Monday 3 December 2012

Keeping 6th formers inspired!

Keeping 6th formers inspired is one of the hardest parts of my job. In one of my schools I have been given a PEP (Personal Enrichment Programme) course to run. Every 6th former has to sign up to one PEP course a term. There are some very popular courses, such as the computer driving licence which will look good on their CV, other courses such as Yoga, which does not really take much thinking about and most students are happy to give an hour of their free (study) time to this. If they have not managed to sign up quickly enough for those courses they could be left with my course..... Some of the students have been told by their teachers that it is something useful for the course they are doing now, others were just not lucky enough to sign up for something else.
My course is about Information Literacy, internet searching, plagiarism, Boolean searching, which is not the most exciting topic in the world but I have a captive audience for 12 weeks. We follow the University of Birmingham’s course that they use for 6th formers to make sure they have the necessary skills to take them onto university.   http://www.birmingham.ac.uk/Documents/libraries/5883LibrarySkillspack-studentst8.pdf
As this is the first time I have run this course I can’t say that it has been a great success, but I can say it wasn’t awful and at least having run through it once I can see where it can be improved. What I have really struggled with is trying to teach someone else’s lesson plan and as much as you run through it, it is never your own and that makes it difficult. I was really grateful for the course structure though and some of the ideas were things that I would never have thought of myself.
What is really hard is that out of the 15 students that come along possibly only 4 want to be there.Not all of them can see the relevance of what I am telling them or they really think they know it all. I had to smile when I asked them this week to produce a booklet for yr 7 and gave them a list of questions that I wanted answering, one being explain the Dewey System....Not one of them could tell me, so at  least I now know what they don't know. It was a good exercise in seeing what they did and didn’t know about how the library works and making them explain it in very simple terms meant that I could check they really understood what they were saying.
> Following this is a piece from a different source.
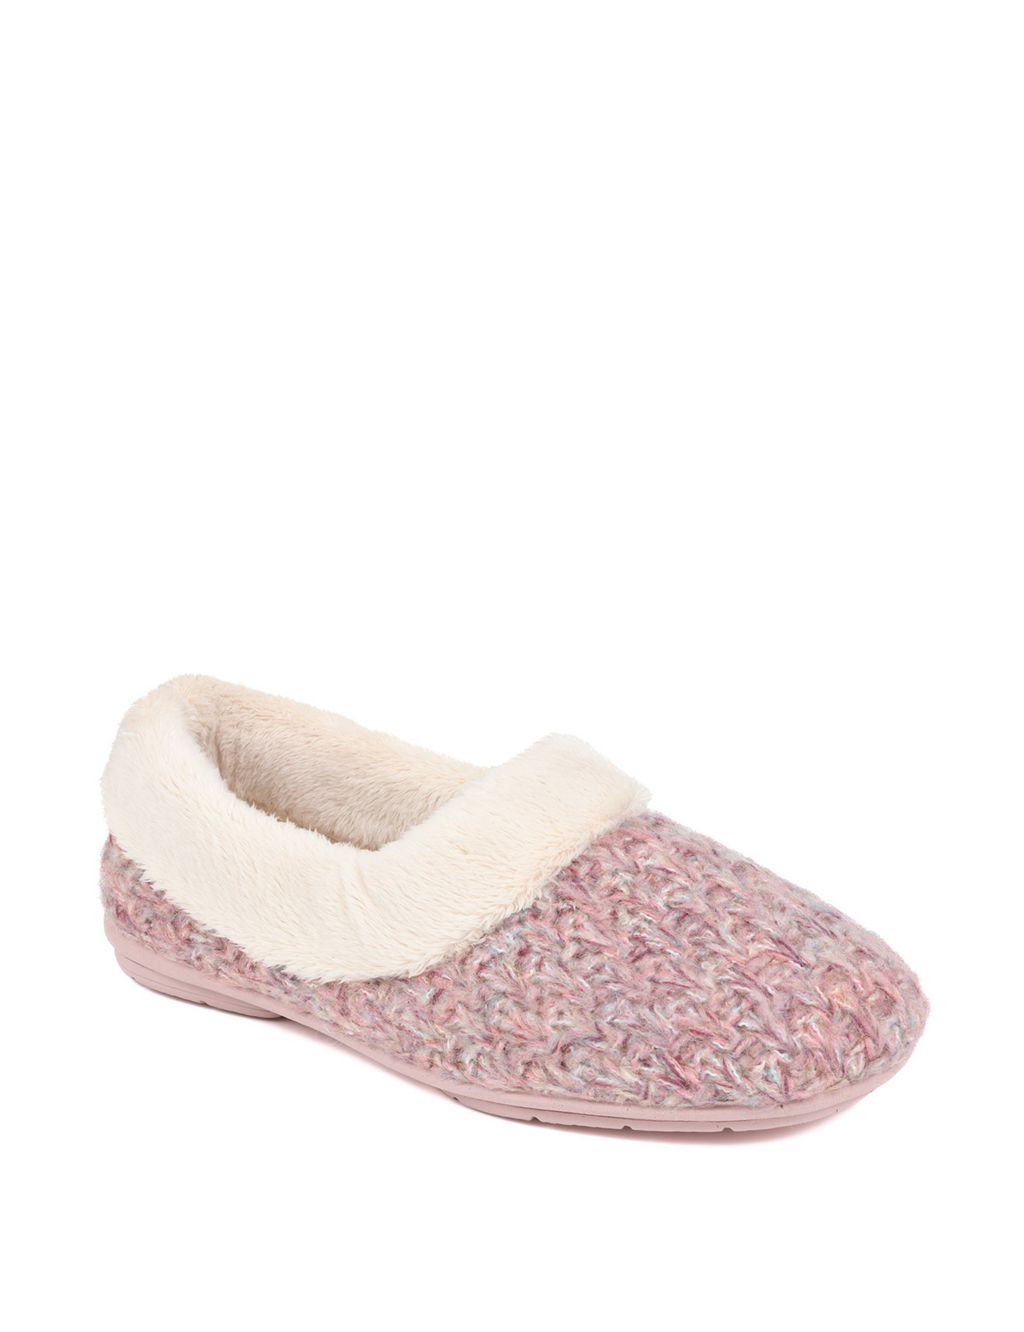 Faux Fur Lined Round Toe Slippers image 2

I am very grateful to the school for giving me the opportunity to run this course as I do think it is important but I need to make it something essential but enjoyable and I will need time to work out how to do this.
My immediate problem now is that the above course is finished and I have 3 lessons left where they still have to turn up and I have to do something with them. I am happy to talk about books and reading but know and understand that they think they are wasting their time. What can I do with them that could be fun but inspiring as well? I did think that I could wrap up several book covers so that they only had the blub and see if they could find a book they liked without seeing the cover. I also thought that I could give them last year’s Carnegie list and see if they could guess the winner? 
Someone suggested that they talk about a book that they think others should read. I know they are a very quiet bunch so getting them to talk about reading is going to be hard. Inspiration needed.